We have had numerous opportunities learn and grow. A few weeks ago, This Is Paris, a documentary about Paris Hilton, was released on YouTube. Hilton was never a figure who received much empathy, often seen as a wealthy ditz who manipulated herself for fame. The fact that part of her rise in the public eye was a leaked sex tape is almost too easy to forget.
She was only 19 when that tape was released by a man she had kissed to an audience who lapped it up, cruelly titled 1 Night in Paris, not because it was a decent video in any way, but because it was, like those nudes, an opportunity to own a piece of Hilton without her explicit consent. “That was a private moment with a teenage girl, not in the right headspace, but everyone was watching it and laughing like it was something funny,” Hilton says in the documentary.
Hilton claims he took the camera out and forced her to make a tape, telling her no one would ever see it. The press blamed her after the video was released, just as Ratajkowski was blamed by Leder, just as the women in the naked photo hack were blamed in the first place for ever taking the images. "It was like being assaulted electronically," said Hilton.
I definitely think she's correct to claim that if the video had been leaked now, it would look different from 16 years ago in the media reports around it.
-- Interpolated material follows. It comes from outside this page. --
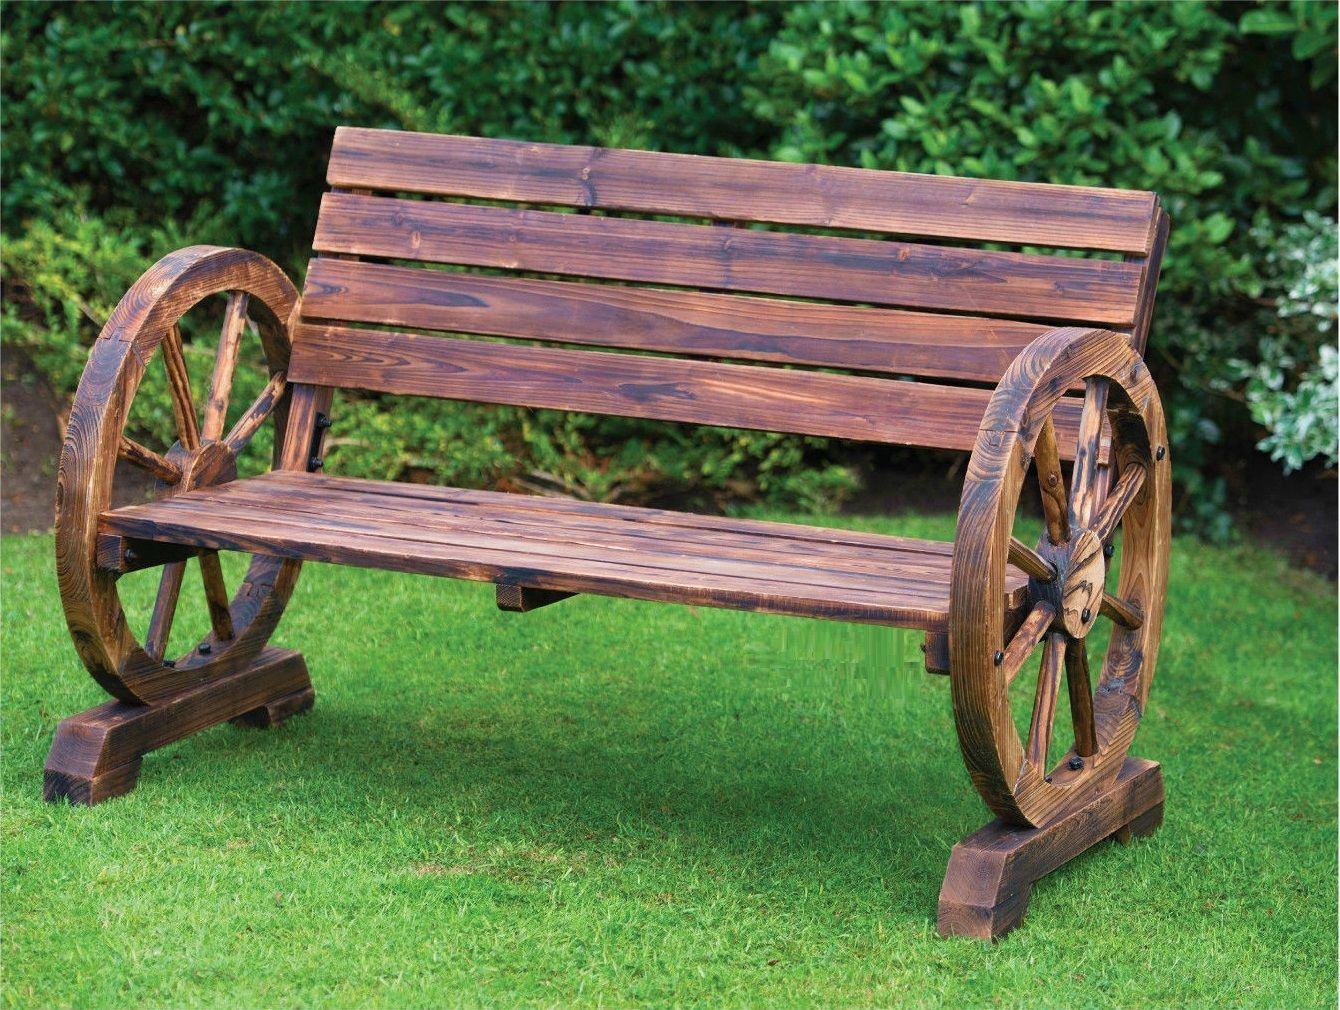 Banco de jardim de madeira vintage

It would be generous to at least some of the headlines; some people would point out the infringement for what it is. But still, I know, and you know, there will be plenty of salivating posts on Reddit and endless uploads to porn websites. The happy consumption of the ultimate getcha moment for a woman who has attained some degree of fame, accomplishment, or likability will commence.
It says a lot about who else we don't allow to own their bodies, that we barely care about these kinds of abuses of women who are white, slim, attractive, and popular. If we just come around now to see Hilton or Ratajkowski as women who have been raped, what happens when someone who is not white, or LGBTQ, or obese, or disabled, or bad, is picked up in such a way for consumption?
Well, we know already. The response was exacerbated not only by misogyny but by racism and body-shaming in 2016 when comedian Leslie Jones was exploited and her nude images were posted. The same bullies who exchanged thin white women's nudes exchanged barbs about the presence of Jones. We not only own you, they said, but we condemn you. We have power over you either way. Your body is not your own either way, and it's your fault either way.
I would like to believe that we're having some kind of defining moment now. I would like to think that we're improving. But those Ratajkowski picture books are still sitting on the shelf and you can still see those nudes that were stolen.
I hope I'm not alone in wishing to ruin all the stolen nudes and leaked clips. We're going to create the pyre, burn those books, and dance around the flames.